__EXERCISE PROMPT__.
One part of the entries below is wanted: the lines from the one containing "Marco Ruas e" through the one containing "#147 Wigilia pełna duchów - antologia". Write those out exactly and nothing else.

__STUDY MATERIAL__.
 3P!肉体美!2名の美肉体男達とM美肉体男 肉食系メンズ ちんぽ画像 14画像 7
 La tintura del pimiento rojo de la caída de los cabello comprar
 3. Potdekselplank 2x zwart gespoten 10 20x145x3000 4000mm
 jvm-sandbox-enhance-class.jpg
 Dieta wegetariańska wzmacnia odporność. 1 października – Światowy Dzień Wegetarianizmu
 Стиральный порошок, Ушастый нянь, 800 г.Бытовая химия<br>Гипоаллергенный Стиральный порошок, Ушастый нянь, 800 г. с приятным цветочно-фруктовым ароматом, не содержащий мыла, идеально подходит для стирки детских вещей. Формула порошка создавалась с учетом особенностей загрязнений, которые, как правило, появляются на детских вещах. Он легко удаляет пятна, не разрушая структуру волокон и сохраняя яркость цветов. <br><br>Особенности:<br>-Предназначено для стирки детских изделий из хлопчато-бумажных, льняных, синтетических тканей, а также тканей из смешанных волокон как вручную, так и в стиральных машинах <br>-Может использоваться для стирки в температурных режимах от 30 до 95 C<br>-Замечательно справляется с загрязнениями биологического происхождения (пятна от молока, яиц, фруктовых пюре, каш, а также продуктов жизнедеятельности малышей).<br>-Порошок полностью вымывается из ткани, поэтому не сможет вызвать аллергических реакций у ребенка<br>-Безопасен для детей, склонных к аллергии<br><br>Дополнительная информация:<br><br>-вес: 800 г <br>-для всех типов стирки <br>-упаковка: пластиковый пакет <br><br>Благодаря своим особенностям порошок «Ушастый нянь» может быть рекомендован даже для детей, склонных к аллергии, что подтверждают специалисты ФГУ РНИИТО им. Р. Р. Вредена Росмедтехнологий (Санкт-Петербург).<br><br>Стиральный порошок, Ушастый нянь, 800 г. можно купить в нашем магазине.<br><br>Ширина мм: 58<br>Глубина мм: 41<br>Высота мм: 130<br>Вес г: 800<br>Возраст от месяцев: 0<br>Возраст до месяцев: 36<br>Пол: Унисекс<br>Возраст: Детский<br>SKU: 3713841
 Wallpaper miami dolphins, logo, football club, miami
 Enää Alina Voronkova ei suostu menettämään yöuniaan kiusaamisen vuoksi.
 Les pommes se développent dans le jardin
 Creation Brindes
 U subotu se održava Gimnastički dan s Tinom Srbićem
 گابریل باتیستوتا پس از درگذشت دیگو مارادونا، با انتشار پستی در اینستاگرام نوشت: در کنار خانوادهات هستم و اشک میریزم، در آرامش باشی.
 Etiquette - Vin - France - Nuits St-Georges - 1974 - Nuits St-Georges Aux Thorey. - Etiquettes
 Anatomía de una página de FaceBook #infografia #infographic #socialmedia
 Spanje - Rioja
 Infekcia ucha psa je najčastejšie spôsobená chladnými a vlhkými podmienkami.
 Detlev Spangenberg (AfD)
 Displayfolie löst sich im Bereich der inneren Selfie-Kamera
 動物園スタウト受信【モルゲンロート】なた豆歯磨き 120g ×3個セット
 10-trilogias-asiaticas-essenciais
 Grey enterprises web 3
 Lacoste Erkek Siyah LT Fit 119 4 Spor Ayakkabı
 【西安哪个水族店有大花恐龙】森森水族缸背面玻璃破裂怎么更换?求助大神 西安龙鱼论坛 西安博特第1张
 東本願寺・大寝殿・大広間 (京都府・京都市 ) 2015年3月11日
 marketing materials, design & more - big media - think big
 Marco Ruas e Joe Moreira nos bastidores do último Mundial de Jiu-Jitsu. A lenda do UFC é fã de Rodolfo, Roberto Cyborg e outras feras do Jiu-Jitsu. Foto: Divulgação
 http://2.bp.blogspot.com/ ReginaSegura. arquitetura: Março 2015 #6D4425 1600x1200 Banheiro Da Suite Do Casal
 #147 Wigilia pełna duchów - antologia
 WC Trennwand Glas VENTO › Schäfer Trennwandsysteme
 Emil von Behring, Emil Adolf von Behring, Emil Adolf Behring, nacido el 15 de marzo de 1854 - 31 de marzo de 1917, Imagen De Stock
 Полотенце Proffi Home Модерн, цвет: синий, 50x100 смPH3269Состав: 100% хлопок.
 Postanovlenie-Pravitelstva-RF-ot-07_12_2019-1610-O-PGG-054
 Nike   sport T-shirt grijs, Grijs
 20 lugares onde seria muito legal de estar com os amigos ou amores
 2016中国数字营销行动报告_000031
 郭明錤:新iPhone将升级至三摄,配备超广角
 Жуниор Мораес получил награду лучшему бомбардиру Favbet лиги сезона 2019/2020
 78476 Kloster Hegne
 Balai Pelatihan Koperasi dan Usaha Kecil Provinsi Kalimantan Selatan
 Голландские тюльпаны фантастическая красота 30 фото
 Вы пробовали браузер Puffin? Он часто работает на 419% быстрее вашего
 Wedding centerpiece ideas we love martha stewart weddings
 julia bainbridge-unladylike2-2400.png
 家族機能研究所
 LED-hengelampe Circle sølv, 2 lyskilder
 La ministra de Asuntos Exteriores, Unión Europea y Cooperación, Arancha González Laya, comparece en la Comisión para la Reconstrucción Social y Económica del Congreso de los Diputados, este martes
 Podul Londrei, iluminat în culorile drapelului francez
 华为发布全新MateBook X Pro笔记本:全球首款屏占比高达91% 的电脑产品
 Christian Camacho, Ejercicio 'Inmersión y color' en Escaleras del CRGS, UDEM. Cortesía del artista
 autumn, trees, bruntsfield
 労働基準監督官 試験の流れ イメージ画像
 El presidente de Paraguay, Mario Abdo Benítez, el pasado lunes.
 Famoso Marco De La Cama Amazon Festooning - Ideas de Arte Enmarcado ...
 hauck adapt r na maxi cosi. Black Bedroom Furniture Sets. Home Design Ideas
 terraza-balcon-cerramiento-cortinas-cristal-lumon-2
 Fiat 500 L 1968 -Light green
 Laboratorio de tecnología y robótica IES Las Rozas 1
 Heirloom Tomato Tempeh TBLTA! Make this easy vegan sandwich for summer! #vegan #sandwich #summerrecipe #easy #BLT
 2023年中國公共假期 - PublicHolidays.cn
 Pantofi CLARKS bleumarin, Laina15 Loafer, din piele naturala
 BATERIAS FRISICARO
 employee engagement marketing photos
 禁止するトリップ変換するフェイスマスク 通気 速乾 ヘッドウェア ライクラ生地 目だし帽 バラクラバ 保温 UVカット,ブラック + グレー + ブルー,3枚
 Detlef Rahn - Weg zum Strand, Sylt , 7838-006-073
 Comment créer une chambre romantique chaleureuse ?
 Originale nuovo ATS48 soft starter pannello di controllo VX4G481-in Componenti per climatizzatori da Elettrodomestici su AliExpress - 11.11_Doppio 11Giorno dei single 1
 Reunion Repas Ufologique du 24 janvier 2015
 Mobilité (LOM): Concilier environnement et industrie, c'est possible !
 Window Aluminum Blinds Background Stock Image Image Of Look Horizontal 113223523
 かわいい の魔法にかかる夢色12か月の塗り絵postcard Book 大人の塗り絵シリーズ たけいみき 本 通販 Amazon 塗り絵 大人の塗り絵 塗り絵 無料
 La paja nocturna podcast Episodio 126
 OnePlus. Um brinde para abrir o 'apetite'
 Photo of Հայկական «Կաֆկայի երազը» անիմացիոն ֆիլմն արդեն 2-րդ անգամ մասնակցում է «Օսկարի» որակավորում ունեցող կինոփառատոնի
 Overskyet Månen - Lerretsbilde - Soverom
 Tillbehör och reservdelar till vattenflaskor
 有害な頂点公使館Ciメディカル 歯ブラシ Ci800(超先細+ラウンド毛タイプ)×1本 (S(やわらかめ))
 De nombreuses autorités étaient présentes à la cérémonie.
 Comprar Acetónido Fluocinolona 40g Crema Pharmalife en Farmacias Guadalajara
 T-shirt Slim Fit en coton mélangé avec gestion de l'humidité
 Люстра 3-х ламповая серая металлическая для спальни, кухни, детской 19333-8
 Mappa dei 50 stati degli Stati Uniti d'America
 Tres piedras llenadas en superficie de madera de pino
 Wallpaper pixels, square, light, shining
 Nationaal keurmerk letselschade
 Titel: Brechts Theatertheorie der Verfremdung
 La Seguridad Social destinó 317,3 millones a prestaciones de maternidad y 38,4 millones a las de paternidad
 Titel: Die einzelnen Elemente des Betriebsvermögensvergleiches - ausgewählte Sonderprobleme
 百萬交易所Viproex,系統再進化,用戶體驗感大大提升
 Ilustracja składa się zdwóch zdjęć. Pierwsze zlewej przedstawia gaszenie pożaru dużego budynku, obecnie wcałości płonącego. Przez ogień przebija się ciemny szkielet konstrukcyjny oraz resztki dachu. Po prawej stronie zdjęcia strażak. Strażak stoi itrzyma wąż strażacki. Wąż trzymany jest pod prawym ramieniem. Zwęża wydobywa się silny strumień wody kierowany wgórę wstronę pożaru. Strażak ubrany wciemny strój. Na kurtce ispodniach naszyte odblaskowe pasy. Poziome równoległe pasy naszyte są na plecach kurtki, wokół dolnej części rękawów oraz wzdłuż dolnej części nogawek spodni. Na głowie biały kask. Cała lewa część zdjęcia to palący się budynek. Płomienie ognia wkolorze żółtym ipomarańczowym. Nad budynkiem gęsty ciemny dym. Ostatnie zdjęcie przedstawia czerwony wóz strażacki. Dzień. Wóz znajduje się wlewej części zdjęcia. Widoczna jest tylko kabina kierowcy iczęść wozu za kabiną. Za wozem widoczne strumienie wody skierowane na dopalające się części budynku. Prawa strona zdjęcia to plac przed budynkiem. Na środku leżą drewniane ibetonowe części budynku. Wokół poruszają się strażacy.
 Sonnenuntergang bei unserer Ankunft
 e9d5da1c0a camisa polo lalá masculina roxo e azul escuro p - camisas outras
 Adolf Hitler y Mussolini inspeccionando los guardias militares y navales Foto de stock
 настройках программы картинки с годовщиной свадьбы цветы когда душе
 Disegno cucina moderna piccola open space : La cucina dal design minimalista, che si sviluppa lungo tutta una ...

__WRITTEN RESPONSE__.
 Marco Ruas e Joe Moreira nos bastidores do último Mundial de Jiu-Jitsu. A lenda do UFC é fã de Rodolfo, Roberto Cyborg e outras feras do Jiu-Jitsu. Foto: Divulgação
 http://2.bp.blogspot.com/ ReginaSegura. arquitetura: Março 2015 #6D4425 1600x1200 Banheiro Da Suite Do Casal
 #147 Wigilia pełna duchów - antologia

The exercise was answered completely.